Separating knowledge from its intended use can lead to a number of difficulties in KBS design and maintenance (e.g., sometimes control elements are implicitly embedded in the knowledge base). A motivation for designing generic problem solving tasks and task specific architectures is the view that the representation of knowledge should closely follow its intended use, since the form of knowledge is tied to its use, and that there are different architectures for different types of problem solving [Chandrasekaran 1986]. A motivation for domain specific tasks (application tasks) is to make it easier to specify the different ways to do a task and to make it easier for the domain expert(s) to directly participate in the design of the knowledge base.

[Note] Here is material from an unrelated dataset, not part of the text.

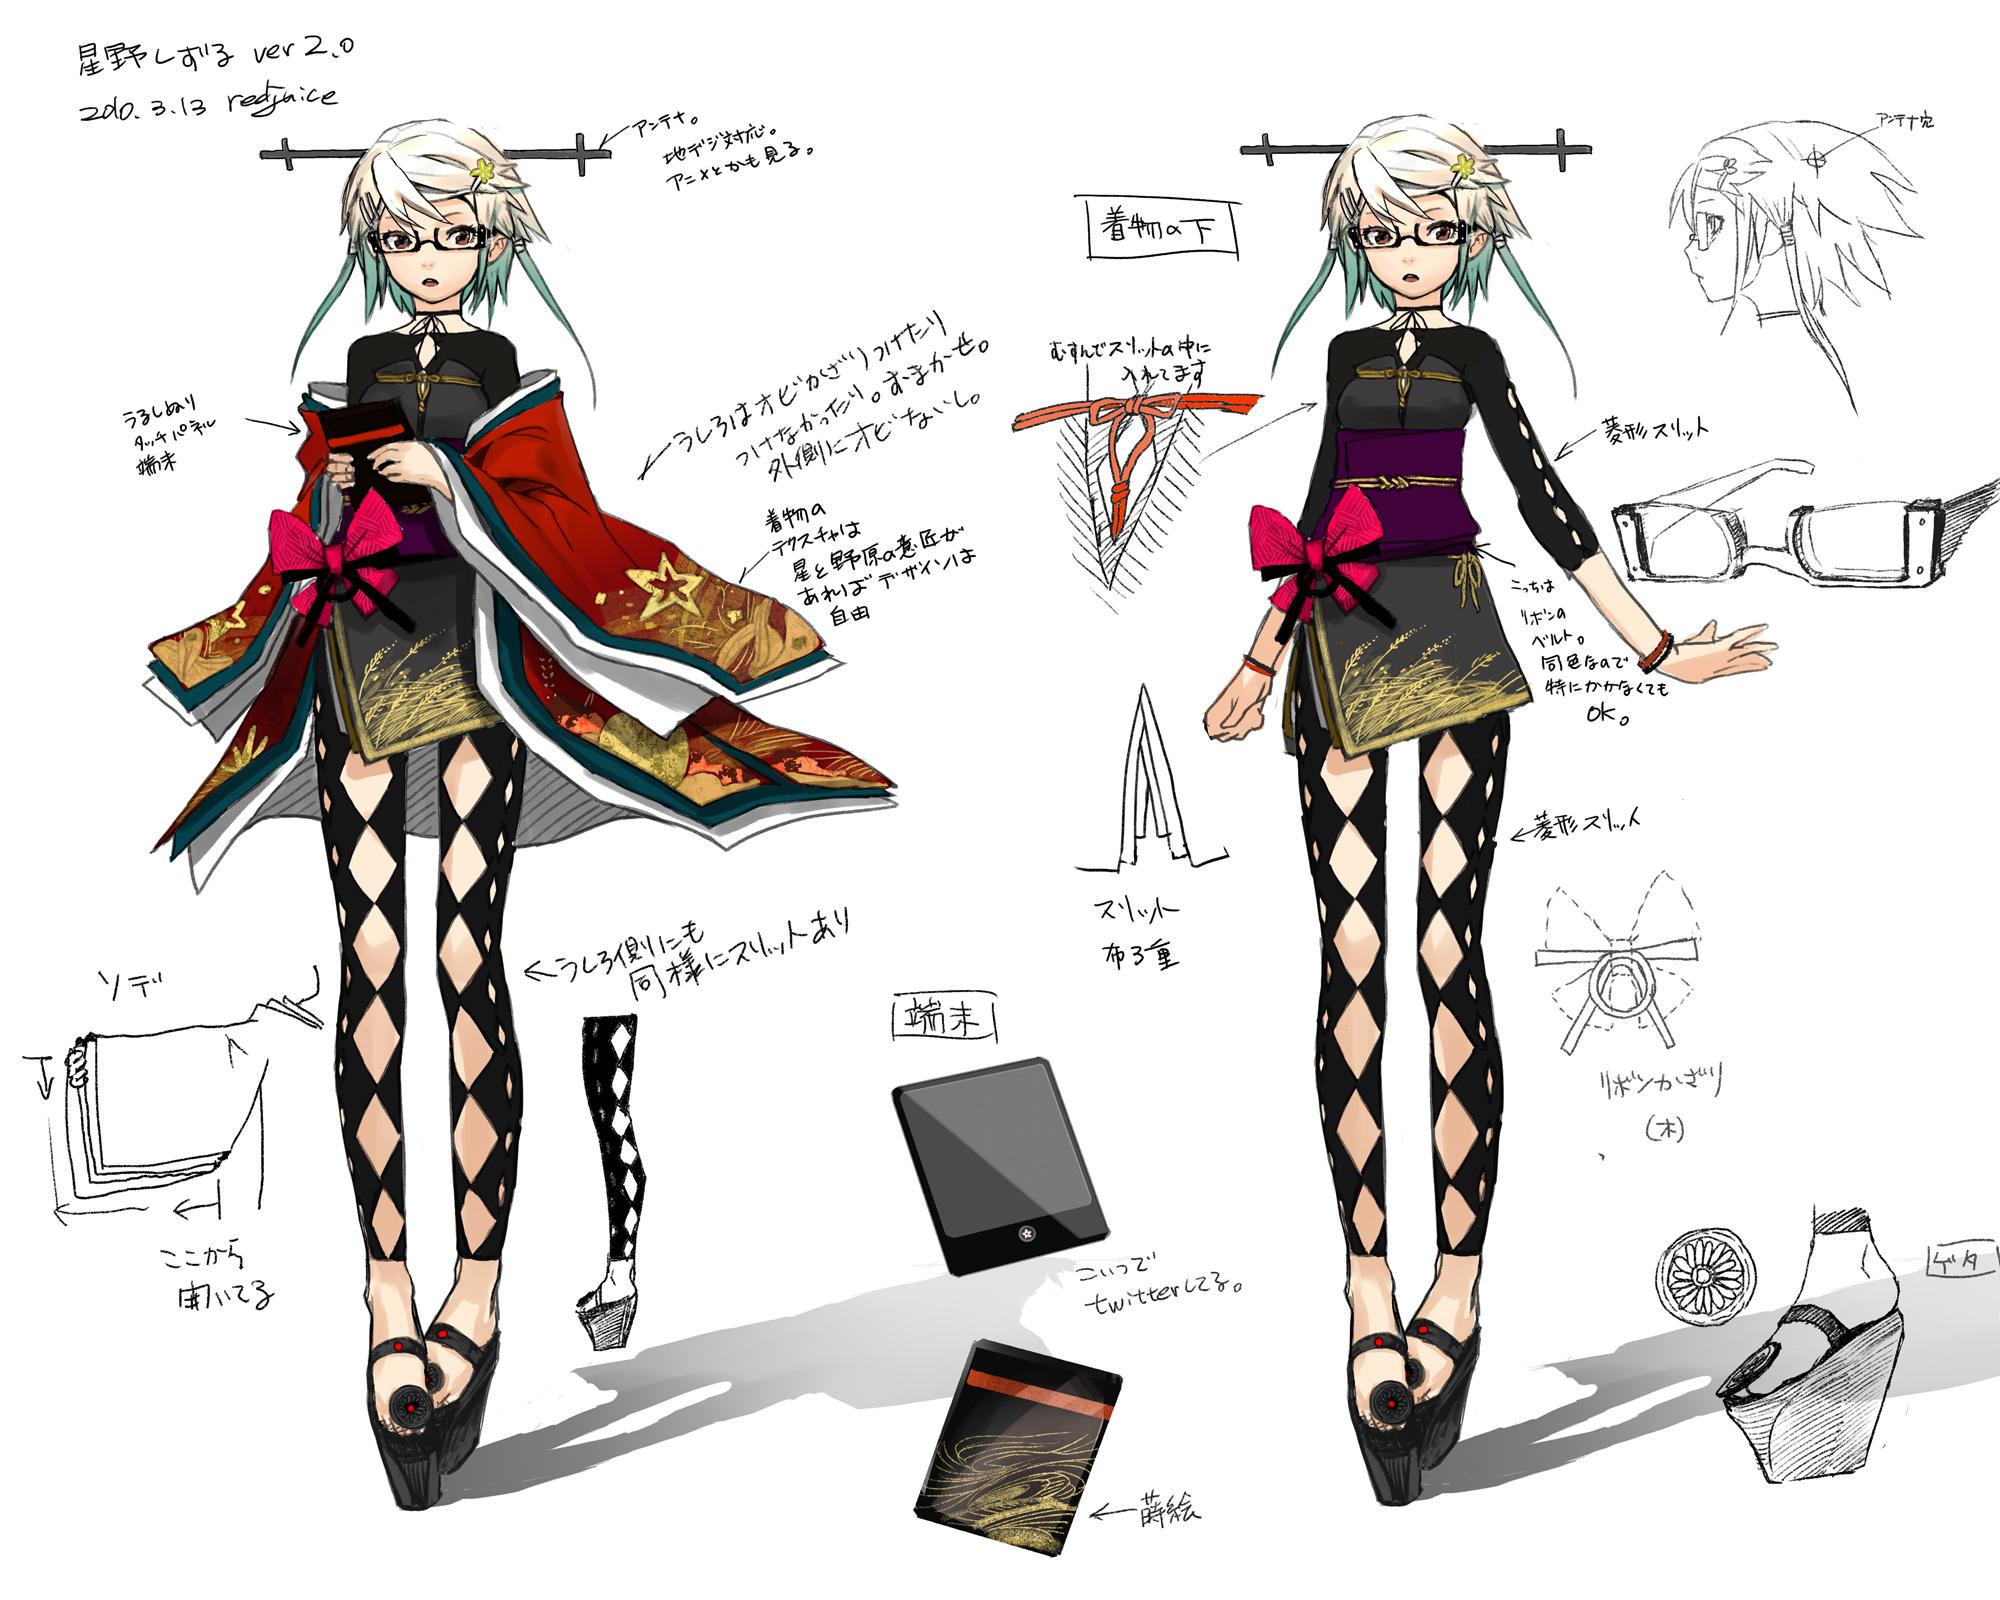 Character Design Zerochan : Hoshino shizuru redjuice image  zerochan
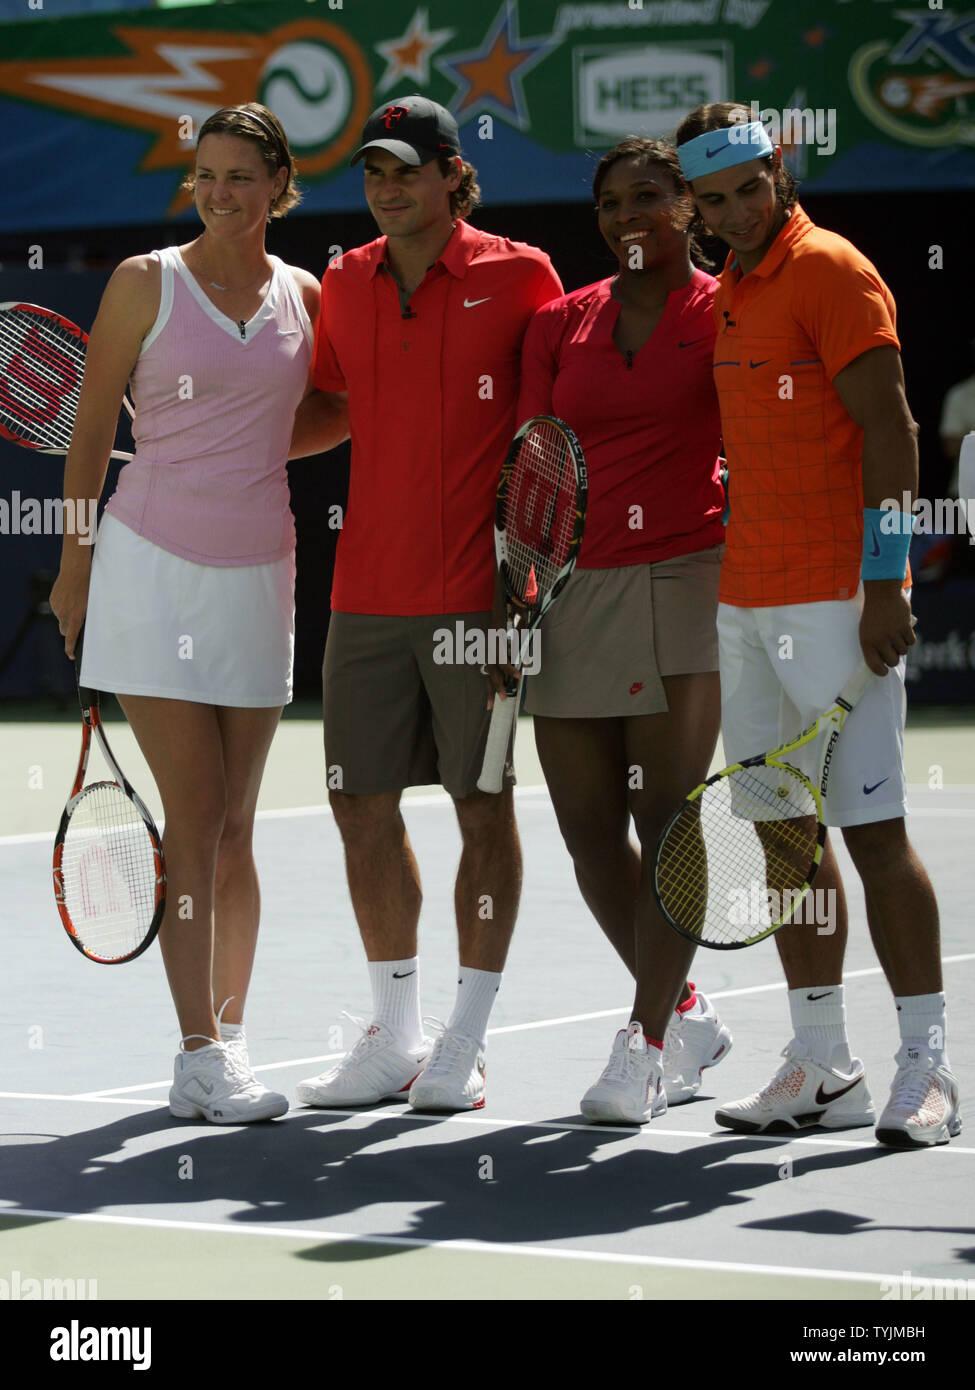 L R Lindsay Davenport Roger Federer Serena Williams And Rafael Nadal Take Part In The Arthur Ashe Kids Day At The Usta Billie Jean King National Tennis Center In New York On August

The KADS methodology makes use of a generic task library. However, the difficulty in using this library is that it is incomplete. A generic task set that is considered complete from a systems engineering perspective is the QUIC task classification [Leitch & Gallanti 1992]. The QUIC project identifies five primitive tasks:

  1. interpretation – transformation of observations into the adopted state representation;
  2. prediction – generation of future states from the known or assumed current state;
  3. identification – determination of unknown past states from known or assumed current states;
  4. decision – derivation of conclusions from the assumed or augmented state; and.
  5. execution – transformation of conclusions into actions that are carried out.
Task Decomposition

Figure 2- 1 QUIC Generic Task Classification [Leitch & Gallanti 1992]

The MOBAT specification framework has adopted the QUIC task decomposition for decomposing training objectives. This defines the tasks a trainee is expected to learn. Task decomposition is described further with application experiments in the following chapters.